Lire le livre d’Amos, c’est mieux comprendre que Dieu appelle vraiment les prophètes. Et le chemin de vie d’Amos peut ouvrir pour chacun l’audace de témoigner, dans ses choix, de sa foi. C’est aussi mieux accueillir Jésus, le prophète par excellence, vraiment prophète parce qu’il est proche de celui qu’il appelle son Père et il parle alors on ne peut mieux de ce que Dieu veut dire aux hommes et aux femmes. Amos nous permettra aussi de penser à tous les envoyés pour la bonne nouvelle, à commencer par les apôtres que Jésus envoie annoncer le Royaume de Dieu, mais aussi à penser l’Église aujourd’hui et demain qui est missionnaire.
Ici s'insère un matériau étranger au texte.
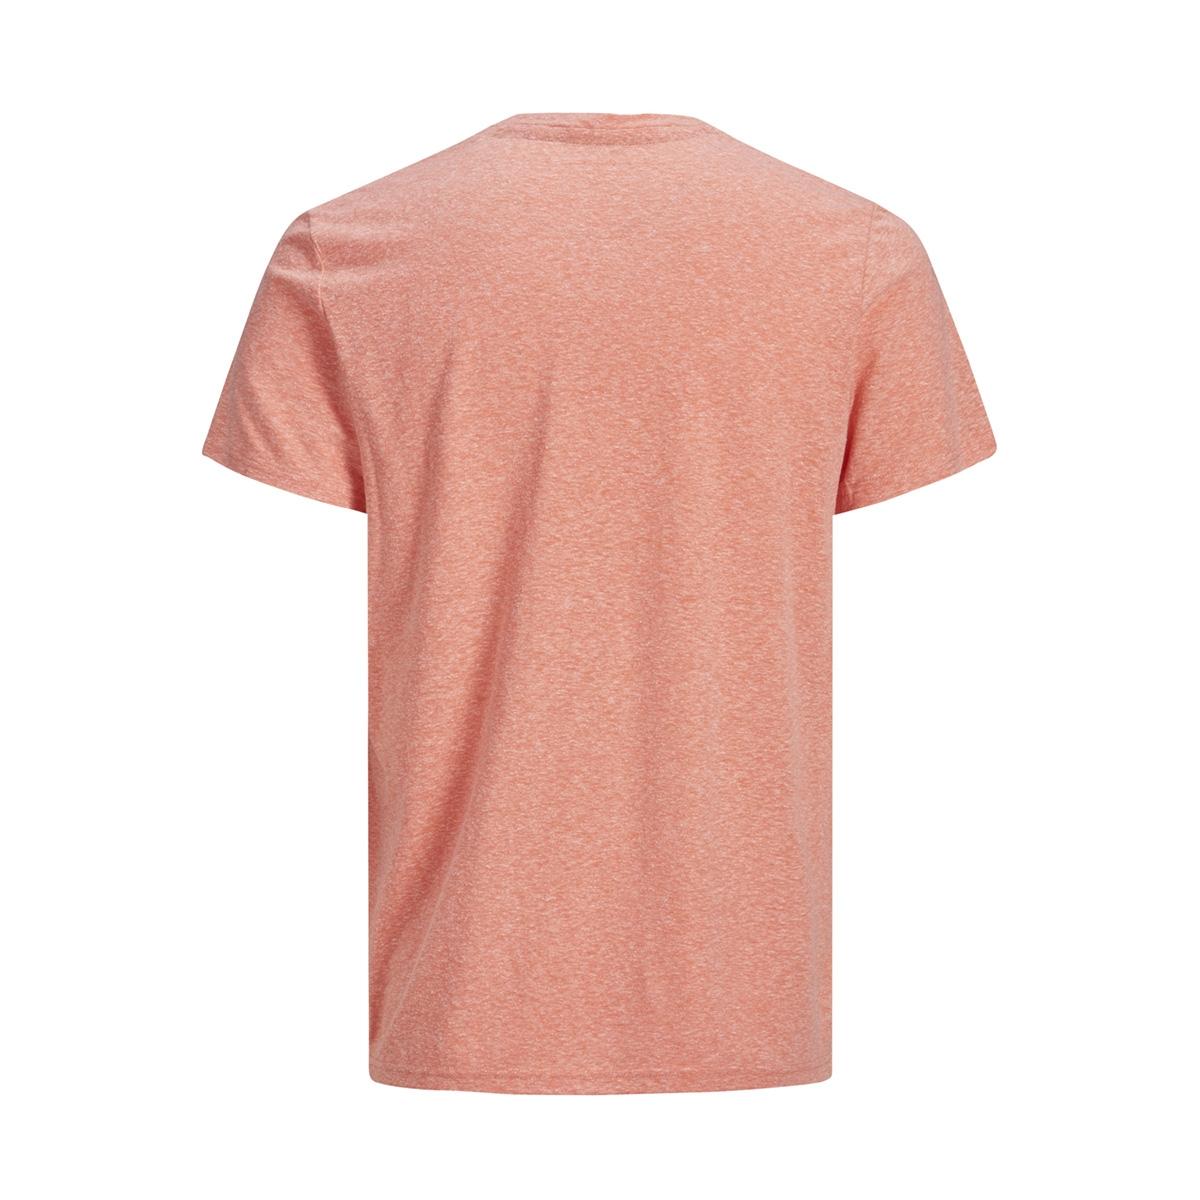 jorhazy tee ss crew neck 12152608 jack & jones t-shirt persimmon
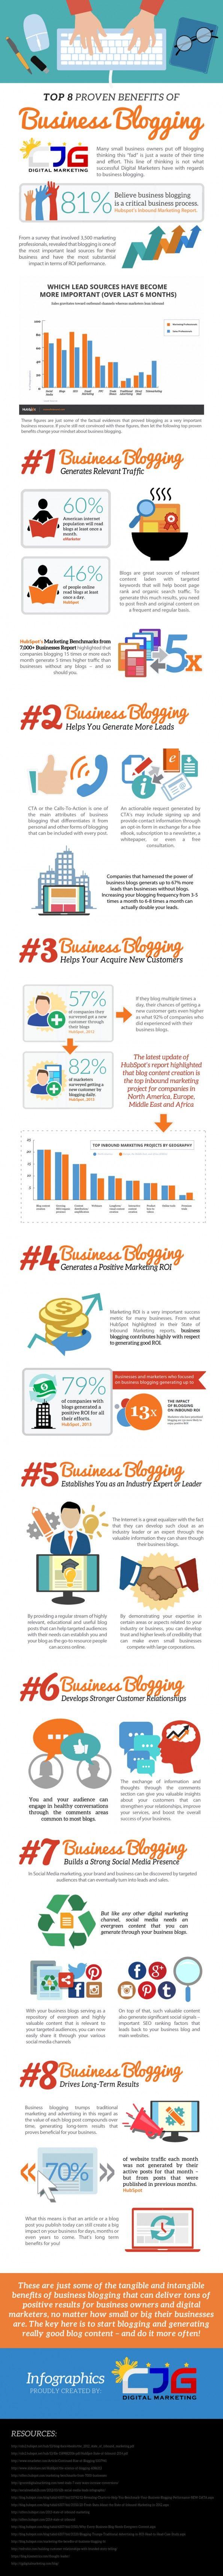 'Waarom zou ik?'. Is dit het eerste wat in je opkomt als je denkt aan bloggen voor je bedrijf? In onze blogworkshop geven we je tal van redenen om te beginnen. En in deze infographics staan ook een paar mooie redenen op een rij!

Flash sur Amos d’abord. Il fallait quelqu’un comme lui, qui soit dégagé, prenant distance de la religion cultuelle qui s’était mise en place. Parce que son message est autre : pour rappeler non pas qu’il faut suivre le rituel à la lettre et que l’attention se monopolise sur ce point, mais qu’il faut veiller à ses frères et sœurs. Et c’est nécessaire pour la santé spirituelle du peuple de l’alliance, en même temps que pour la vie du peuple lui-même. La vie de croyant est un équilibre entre le concret où l’on cherche la présence du Seigneur et la reconnaissance pour ce que, dans la foi, on reçoit de Dieu. Mais on peut parfois aussi tourner à vide, s’imaginer fêter le Seigneur quand on fête sa propre justice se fourvoyer sur une paix ouverte à Dieu qu’elle ne serait pas vraiment ouverte aux gens de l’extérieur de la tradition religieuse. Amos, vit à une période où la religion et le culte s’étaient institutionnalisés et risquaient de se scléroser dans des façons de faire privées de sens et dans des habitudes plus ou moins déviantes. Amos, c’est le porte-parole du Seigneur quand l’injustice s’installe et quand les responsables du peuple s’en rendent complices ou simplement ferment les yeux. La parole tranchante du prophète dénonce ces déviations qui, à l’insu des responsables, menacent l’avenir même du peuple et sa relation avec Dieu. Pour prononcer une telle parole et ramener le peuple vers l’alliance, il faut un homme libre. Amos en est un depuis que le Seigneur l’a appelé. Certains prétendaient qu’il vient leur faire ombre sur le territoire que le Seigneur leur avait confié. C’est pour cela qu’il dérange l’ordre – en réalité le désordre – établi et ceux qui, comme Amacias et Jéroboam, en sont les garants.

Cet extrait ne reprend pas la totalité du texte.